[Records provided]

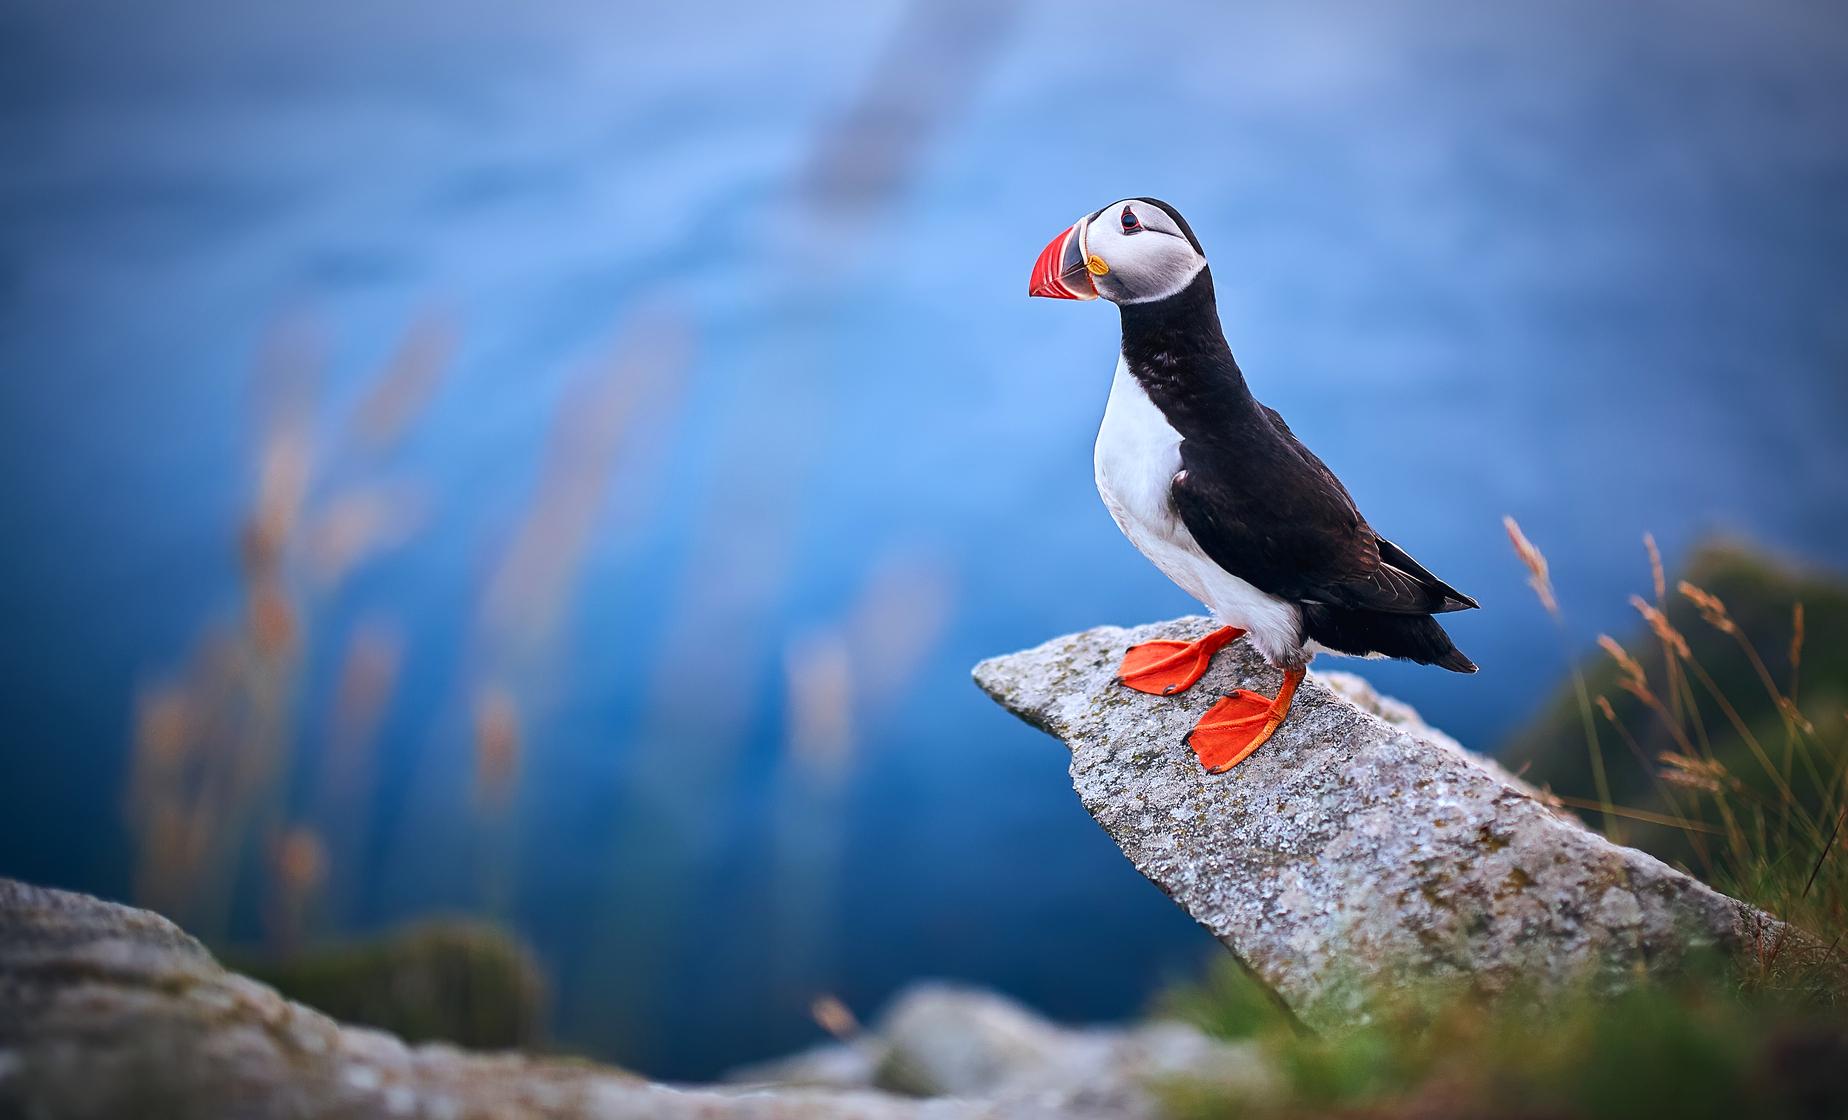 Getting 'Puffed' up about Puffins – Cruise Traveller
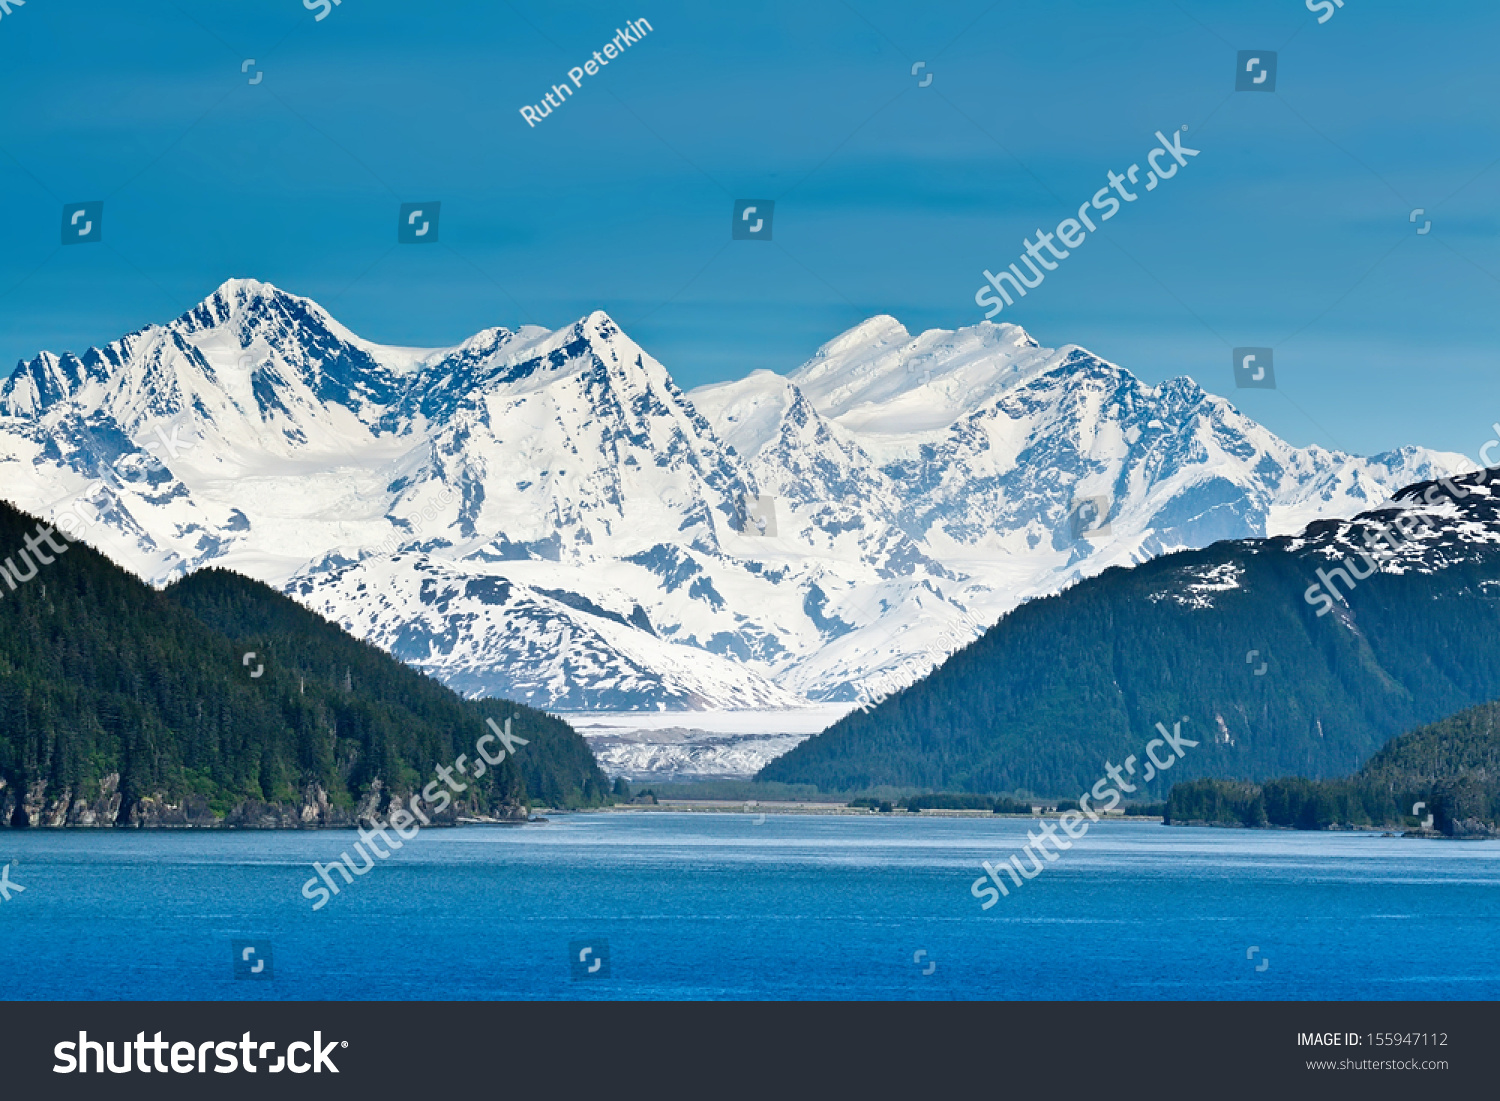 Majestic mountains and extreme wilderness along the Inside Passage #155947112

[/Records provided]
[Records provided]

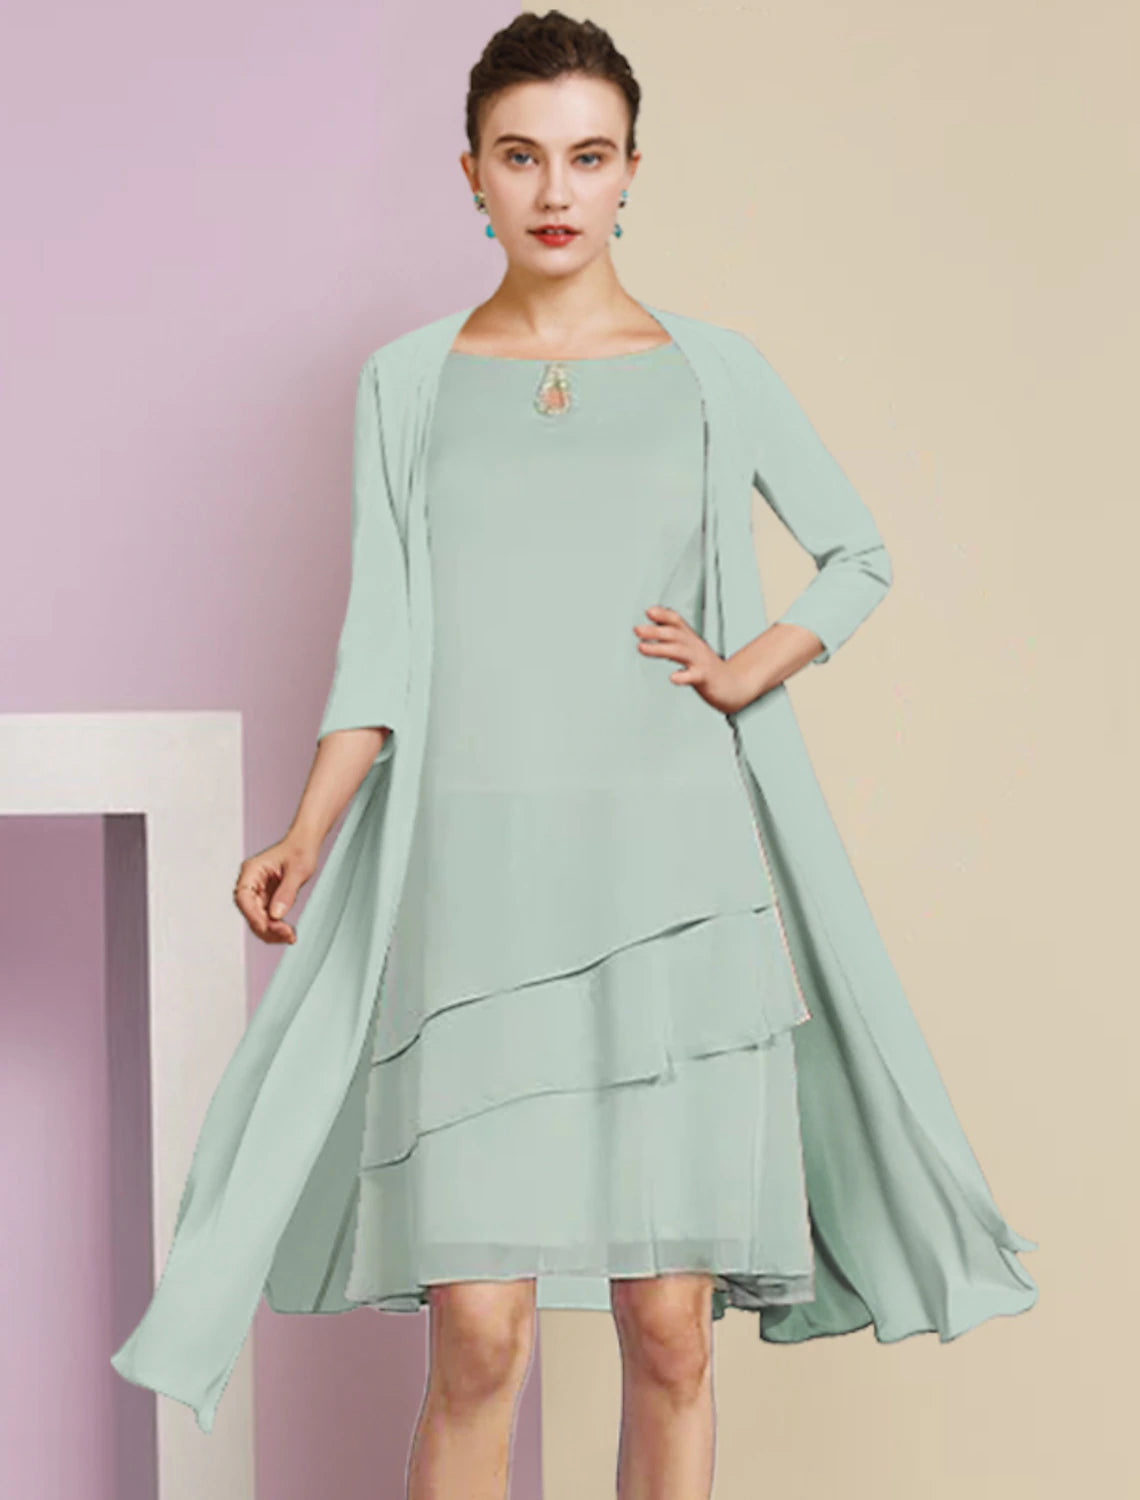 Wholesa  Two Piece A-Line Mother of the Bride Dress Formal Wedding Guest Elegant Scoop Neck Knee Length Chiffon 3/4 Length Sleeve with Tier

[/Records provided]

- Brief: Copy out the lines above from the line containing "Getting 'Puffed' up" through the line containing "Majestic mountains and", exactly, and keep the pictures out.

- Your response:
 Getting 'Puffed' up about Puffins – Cruise Traveller
 Majestic mountains and extreme wilderness along the Inside Passage #155947112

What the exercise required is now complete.